What to work on =
Your output should be the lines from the one with "Frankly This Wine" through the end of the entries below, set down word for word and nothing else.

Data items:
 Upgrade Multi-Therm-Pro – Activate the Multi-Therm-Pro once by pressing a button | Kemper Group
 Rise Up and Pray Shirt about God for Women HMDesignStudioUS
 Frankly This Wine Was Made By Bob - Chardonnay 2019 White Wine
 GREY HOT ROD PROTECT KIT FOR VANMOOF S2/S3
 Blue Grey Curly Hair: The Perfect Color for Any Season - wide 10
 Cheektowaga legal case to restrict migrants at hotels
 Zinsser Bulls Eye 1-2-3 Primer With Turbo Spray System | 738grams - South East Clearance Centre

Expected answer =
 Frankly This Wine Was Made By Bob - Chardonnay 2019 White Wine
 GREY HOT ROD PROTECT KIT FOR VANMOOF S2/S3
 Blue Grey Curly Hair: The Perfect Color for Any Season - wide 10
 Cheektowaga legal case to restrict migrants at hotels
 Zinsser Bulls Eye 1-2-3 Primer With Turbo Spray System | 738grams - South East Clearance Centre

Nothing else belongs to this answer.